Wednesday, March 26, 2008

Sorry Kids. Daddy Broke The Markets.



This quote by Larry Sabato (from Fox News' Your World With Neil Cavuto) is unintentionally funny:

NEIL CAVUTO (host): To John McCain today -- he was talking about housing, but concerned more with all the pricey government programs aimed at fixing housing. Historian Larry Sabato says it is a decidedly different tact: Democrats proposing a government solution for people in pain; the presumptive Republican nominee risking no such solution for the vast majority who are not. So, Larry, how does this fall out? I mean, one of the things in that Hillary Clinton press conference a few moments ago was this notion that maybe John McCain was pulling a Herbert Hoover.
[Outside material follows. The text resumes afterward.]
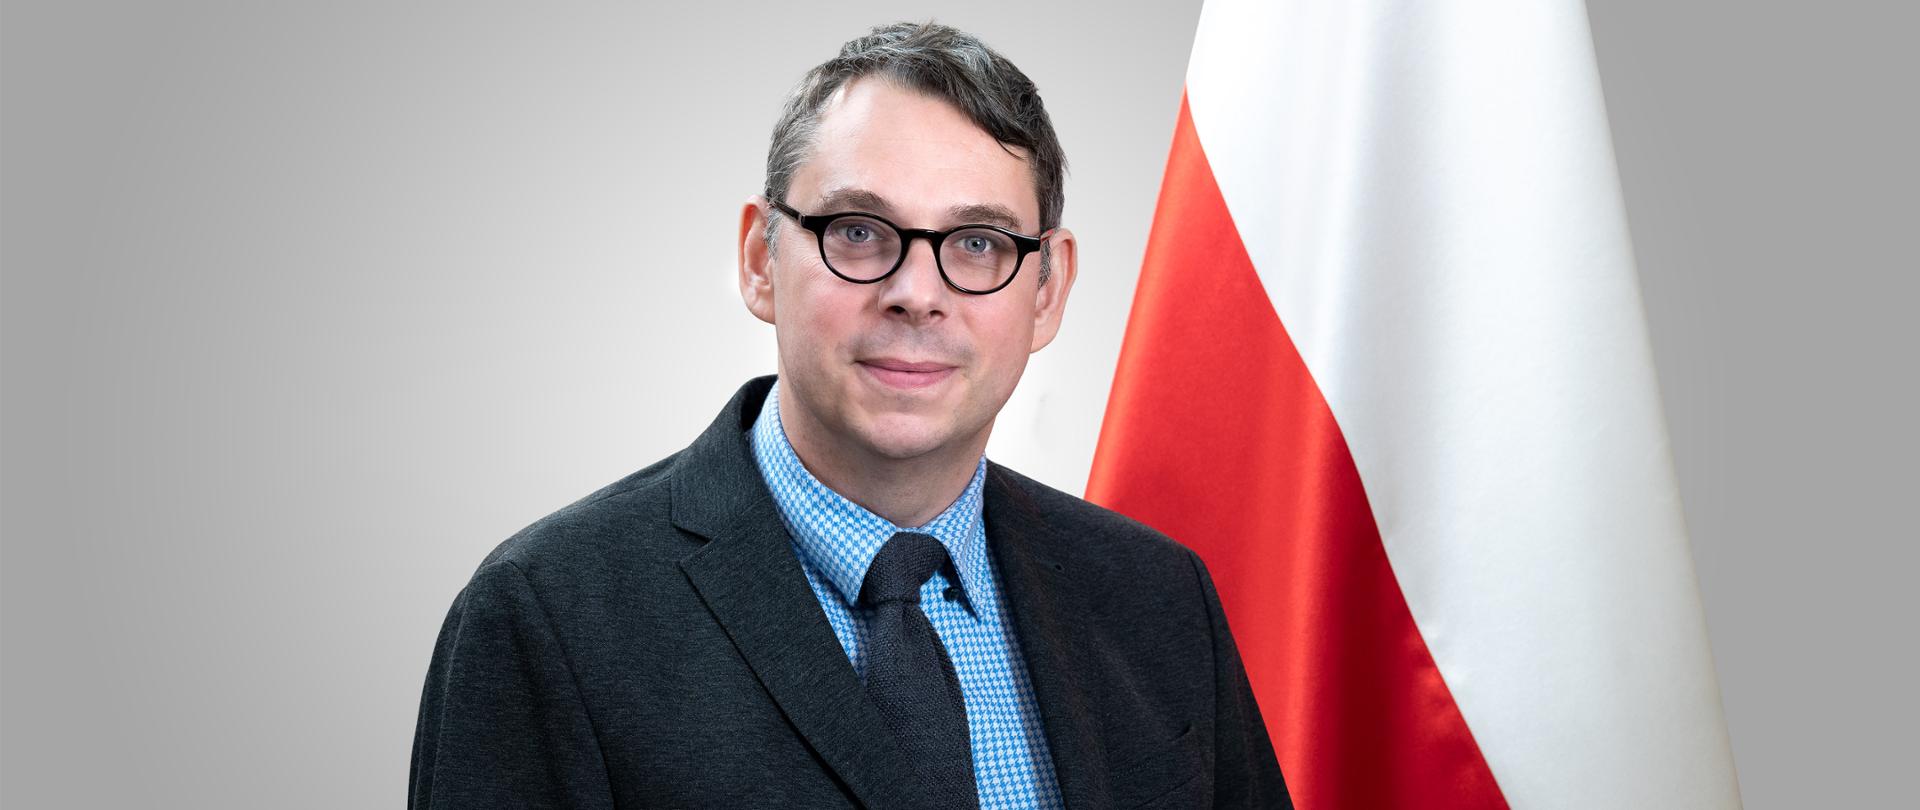 Undersecretary Jakub Wiśniewski

Will that register?

SABATO: Well, Neil, without insulting the American public, I'd have to say a fair proportion of the public doesn't know who Herbert Hoover was. So I don't think that will necessarily sell. Look, when you analyze parties, you need to think of them this way: The Democratic Party is the mommy party, and the Republican Party is the daddy party. Now, you and I both love both our mothers and fathers, right? But they play different roles in many families. The mother is loving and caring and takes us back in and provides the safety net. The father is the disciplinarian -- tough love. He makes us face up to hard realities, at least in many families. Well, the mommy party is the Democratic Party. The daddy party is the Republican Party. And I think if you look at the economy, you look at the housing, the mortgage crisis, a whole wide range of things, you'll find that the parties fulfill these images.

It's that old Republican framing, sure. But it comes across differently, because the Republicans have been in power for the last seven years and so the mortgage crisis, the housing problem and "a whole wide range of things" are something they created.

Who is the Daddy Disciplinarian supposed to spank here? Himself?